Prebuild Wood Shores for Efficiency

TRAINING NOTEBOOK By JEREMY RIFFLARD AND WILLIAM WHITE
 

Unstable structures pose an immediate hazard to trapped persons and rescuers. Time is of the essence to stabilize buildings and prevent a collapse. Avoid this risk by installing shores on the outside of a building to prevent a wall from falling outward and support upper-level floors or roofs from the interior to prevent collapse. Installing emergency shoring will create a path of safe entry/egress.

The standard for temporary emergency shoring used by the Federal Emergency Management Agency (FEMA) Urban Search and Rescue (US&R) teams is the Shoring Operations Guide from the U.S. Army Corps of Engineers US&R Program, which is updated annually. It is downloadable for free in the library tab through the FEMA work group Web site at DisasterEngineer.org. This guide has drawings of the shores, the written steps describing how to construct the various shores, and other valuable information.

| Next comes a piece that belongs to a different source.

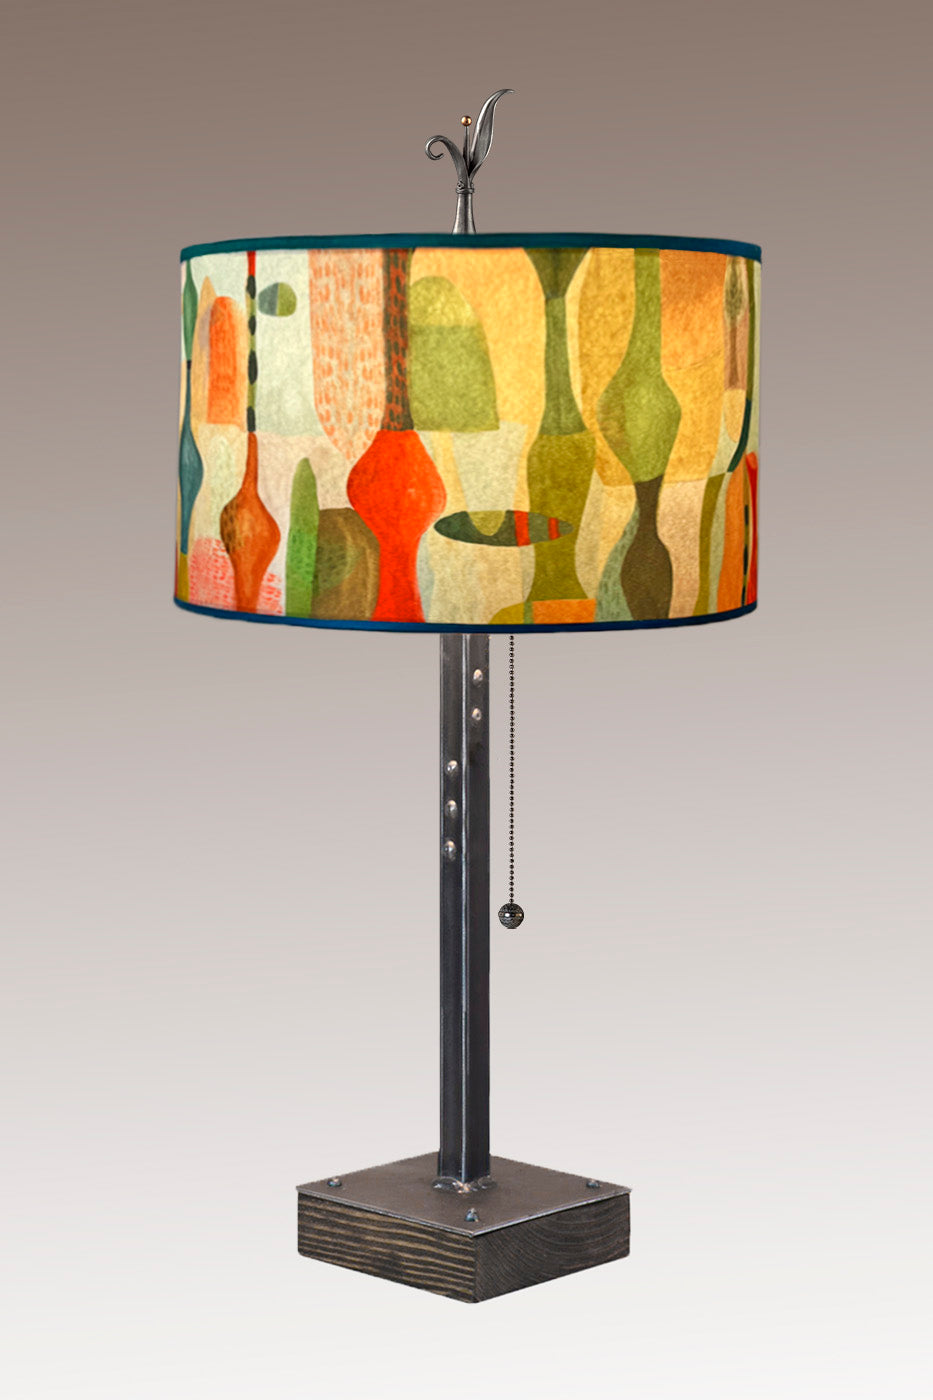 Steel Table Lamp on Wood with Large Drum Shade in Riviera in Poppy

The most common types of shores are pneumatic and wood. Pneumatic shores are expensive, which limits the number of shores that rescue teams can have on hand. With training, teams can install them faster than constructing wood shores. Miscommunication among rescuers, installing shores at a different location than planned, or movement of the structure can change the length of shore that is needed. Inaccurate measurements or failure to account for headers or sole plates can create the wrong length when assembling shores. You can quickly adjust pneumatic shores several inches to take up gaps from the above situations. You can also use 12- or 24-inch extensions for greater discrepancies.

Military responders practice installing prebuilt spot shores in a parking garage. (Photo by Jeremy Rifflard.)

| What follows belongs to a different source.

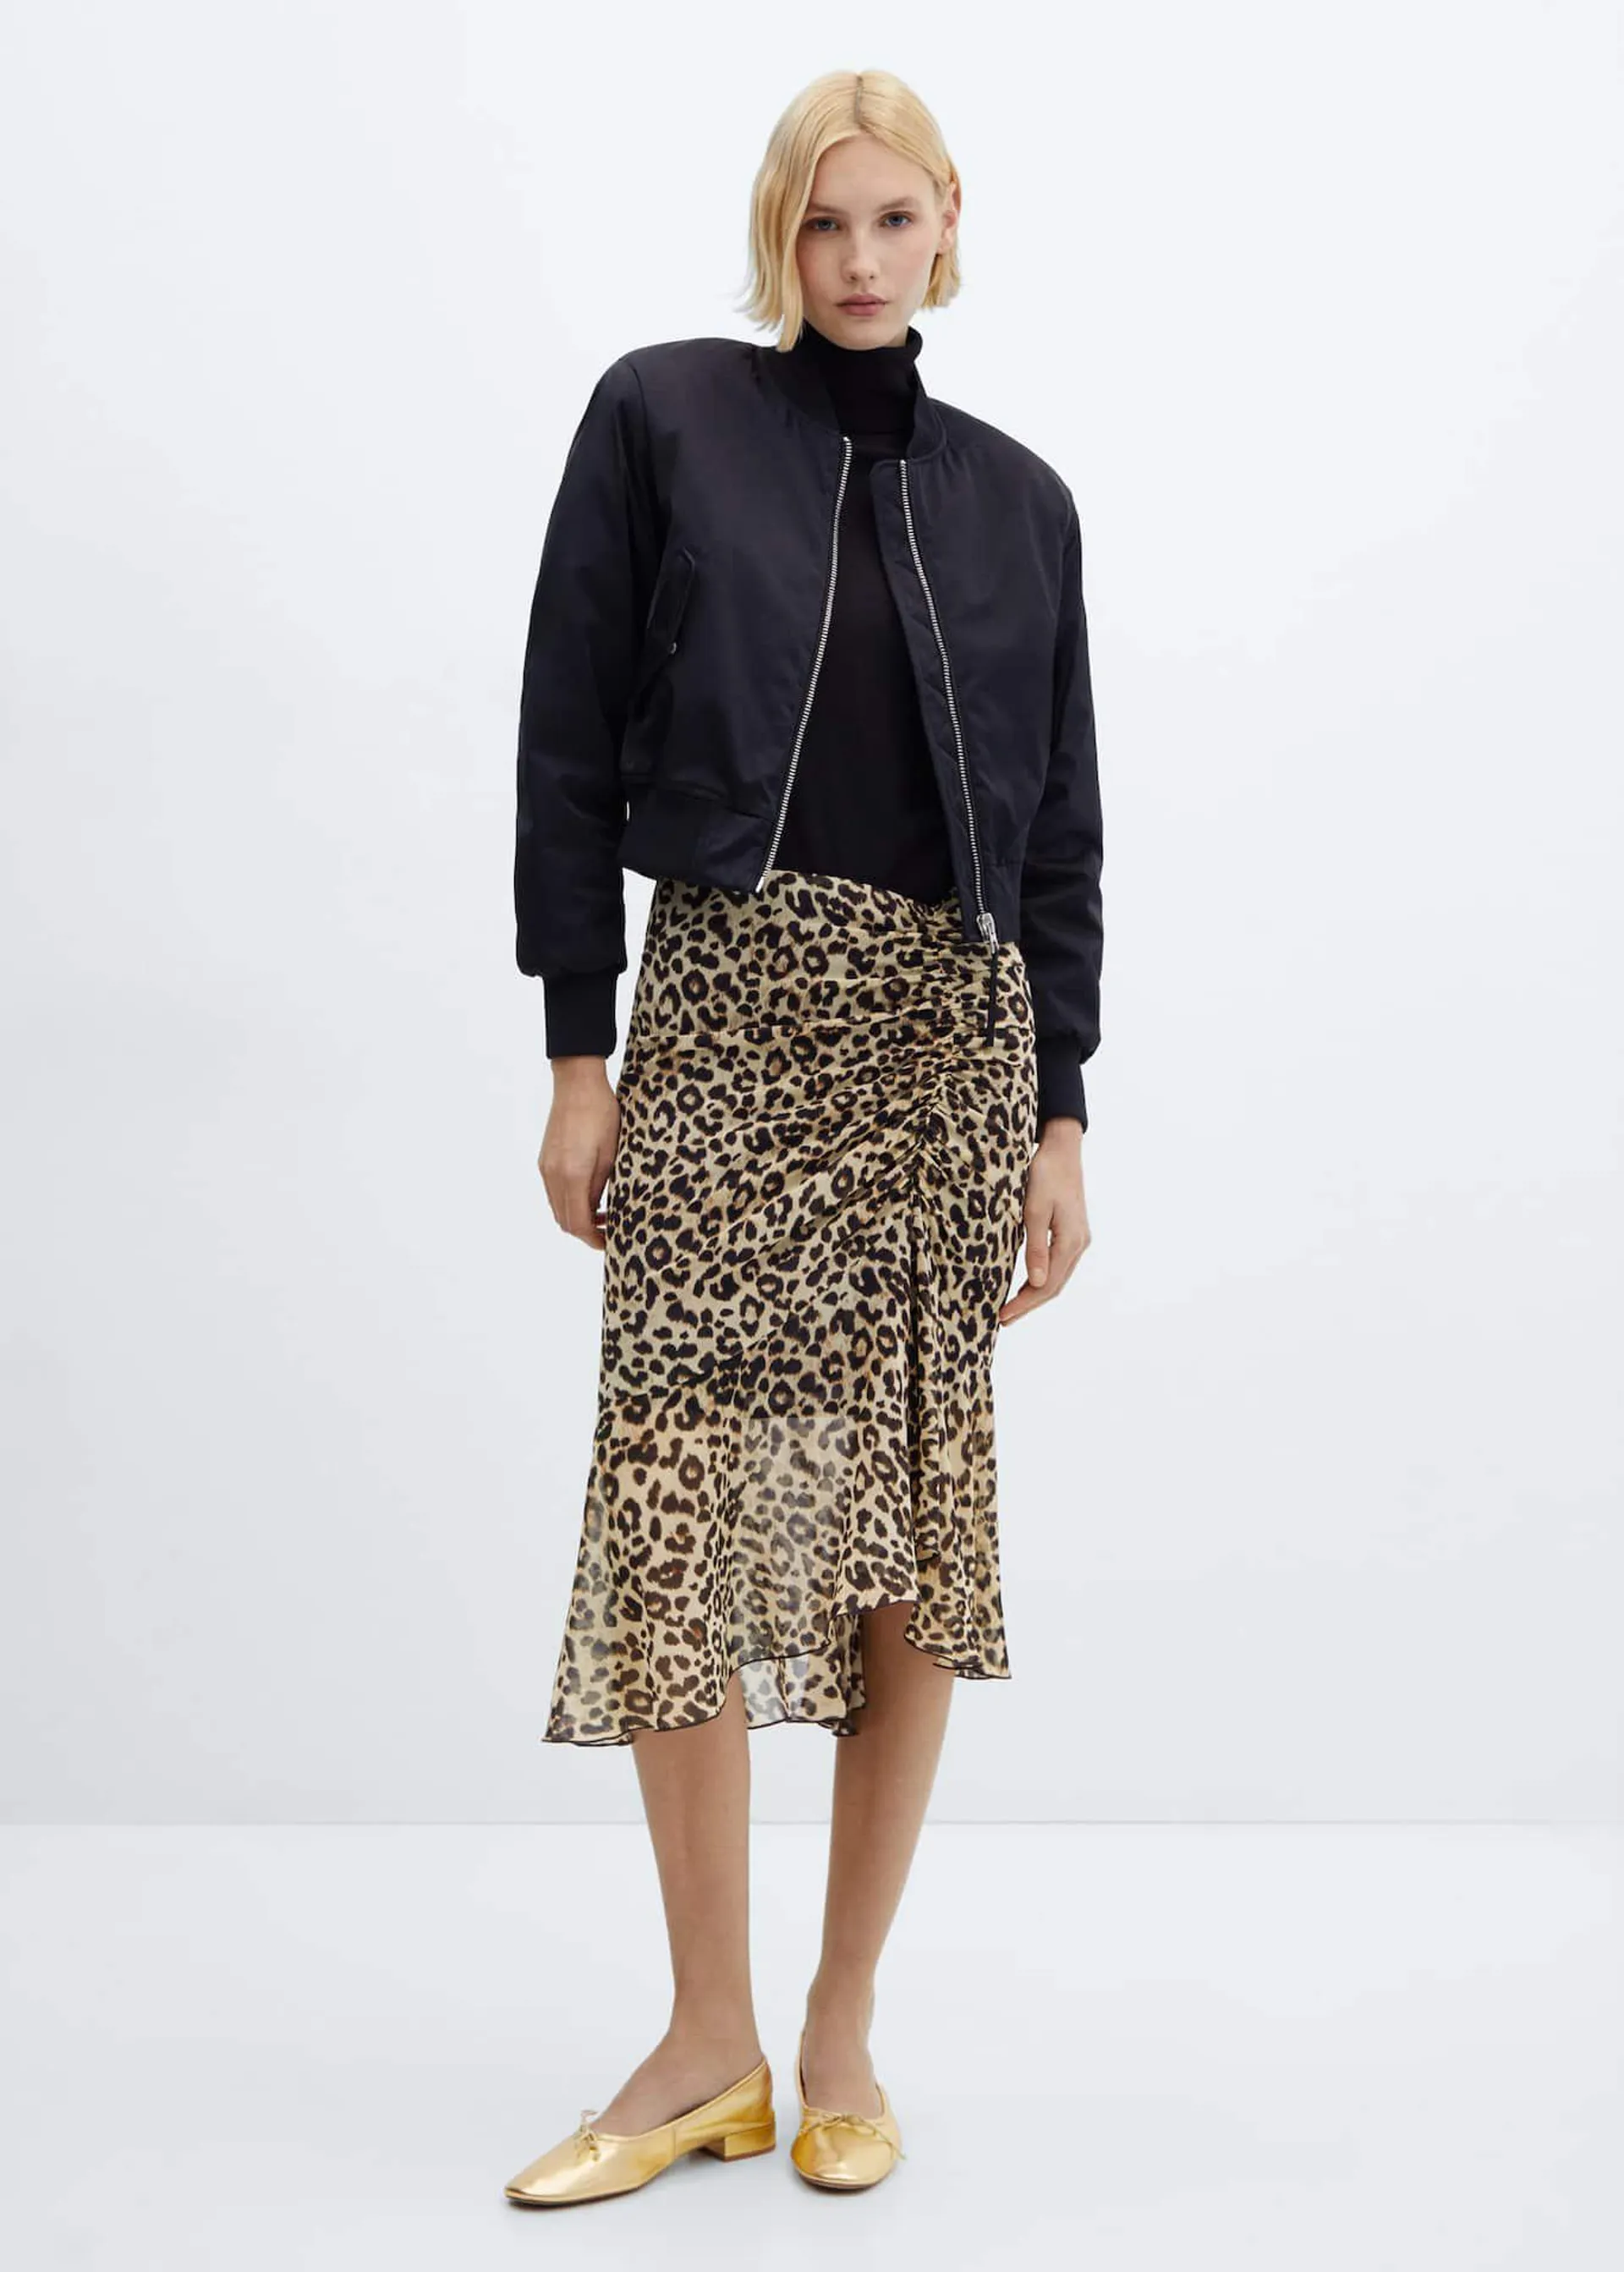 Leopard skirt with gathered detail

(1) Military responders practice installing prebuilt spot shores in a parking garage. (Photo by Jeremy Rifflard.)

Instructions from the Shoring Operations Guide for constructing lateral shoring systems.(Photo by Jeremy Rifflard.)

(2) Instructions from the Shoring Operations Guide for constructing lateral shoring systems.(Photo by Jeremy Rifflard.)

If your team does not have pneumatic shores available, wood shores are a good alternative. Wood shores require fairly precise measurements, but constructing them can be time consuming, so set up a cut station. This station would include saws, saw blades, electrical cords, generators, hammers, nails, and lumber. Give the cut team a plan of which shore needs to be constructed. The team may need to cut certain angles on the lumber, depending on what shore is being constructed. Wooden wedges may also need to be cut. Wedges are used to pressurize a complete lumber shoring system; they are placed under the posts that need pressure, or they can take up gaps between a shore and the structure.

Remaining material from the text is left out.